Ik zit in de rolstoel mijn benen zijn met riempjes vastgebonden en met een tuigje zit mijn bovenlichaam tegen rugleuning gesnoerd. Maar mijn armen en handen zijjn vrij, ze liggen op een soort tafelblad van mijn rolstoel. Marion en de andere verpleegster zijn met andere zaken bezig. Goed moment om eens te kijken wat ik nog kan. Ik probeer mijn rechter duim te bewegen. Maar er gebeurt niets. Met mijn linker lukt het ook niet. Ik probeer mijn hand tot een vuist te ballen. Mijn vingers verkrommen een beetje. Het knuffeltje dat voor me op het tafelblad ligt probeer ik te pakken. Het lukt me een arm op te tillen, maar in een ongecontroleerde beweging zwiep ik het knuffeltje van het blad op de grond. Van pure frustratie begin ik te huilen.

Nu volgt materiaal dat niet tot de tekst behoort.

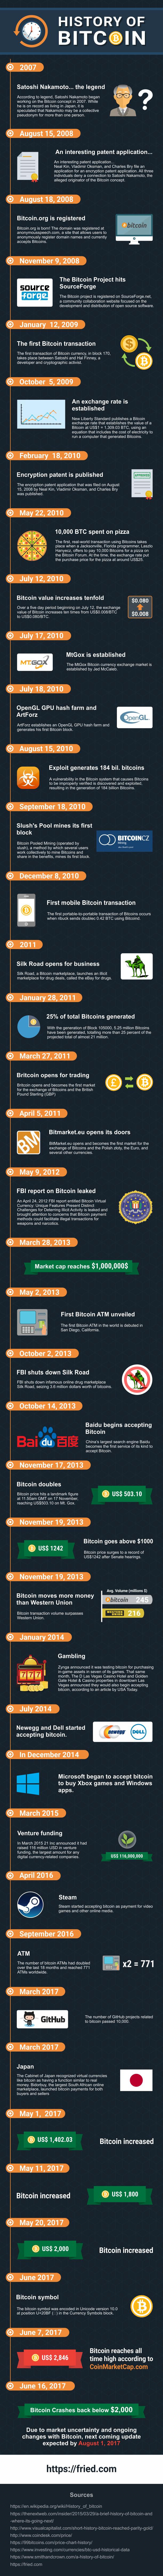 (https://fried.com/history-of-bitcoin)

Marion komt naar mij toe.
'Och meisje is je knuffeltje gevallen.' Ze raapt het op en drukt het in mijn hand.
'Zo en nu niet meer gaan huilen.' Zegt ze.
Maar ik ga alleen maar harder huilen nu ik besef dat ik nu echt geen controle meer over mijn spieren heb.
Marion probeert me te troosten en stopt een speentje in mijn mond, maar niets helpt.
Het dringt tot me door dat ik niet alleen gevangene ben van mijn moeder, maar ook van mijn eigen lichaam.
Alle hoop om hier zelfstandig uit te komen is de afgelopen vijf minuten vervlogen. De tranen stromen over mijn wangen.
Marion streelt door mijn haar.
'Rustig maar, we zullen goed voor je zorgen.' Zegt ze, alsof ze precies weet wat ik voel. (wordt vervolgd).
 
Laatst bewerkt:

Peter1970

Superlid
De proefpersoon 2 'het genootschap' Deel 4

'Welterusten meisje. Morgen mag je vast naar huis.' Marion kijkt me blijmoedig aan.
Ze geeft me een kus op mijn voorhoofd en stopt een speentje in mijn mond. Dat helpt iets.
Ik ben nog steeds in een berdroefde stemming. Ik heb de hoop verloren dat het goed zal komen. Zolang ik mijn armen en benen nog kon gebruiken was die hoop er nog.
Ik zal de rest van mijn leven als afhankelijk baby'tje slijten, en hoe goed mijn moeder ook voor me zal zorgen. En hoe zeer ik er ook van kan genieten om als baby'tje behandeld te worden.
Wat me wel opvalt is dat ik nog wel kan denken als een volwassene. Als ik naar de volwassen baby's hier op de afdeling kijk dan zie ik bij een aantal een blik in hun ogen die doet vermoeden dat ze ook geestellijk op het niveau van een baby functioneren.
Ik zag het ook bij Inez. Ik vraag me wel af wat beter is. Inez voelt zich misschien gewoon een baby en weet niet beter. Ze is er zich niet van bewust in wat voor toestand ze zich bevindt.
Toch ben ik bang dat dat ook bij mij gebeurt. Ik hoop dat ik morgen weg mag hier. Dat ze niet besluiten me hier te houden en de dosis nog verder te verhogen.
Ik kan niet slapen en lig te woelen in mijn bed, voorzover dat althans mogelijk is door de fixatie banden. Uiteindelijk val ik bezweet in slaap.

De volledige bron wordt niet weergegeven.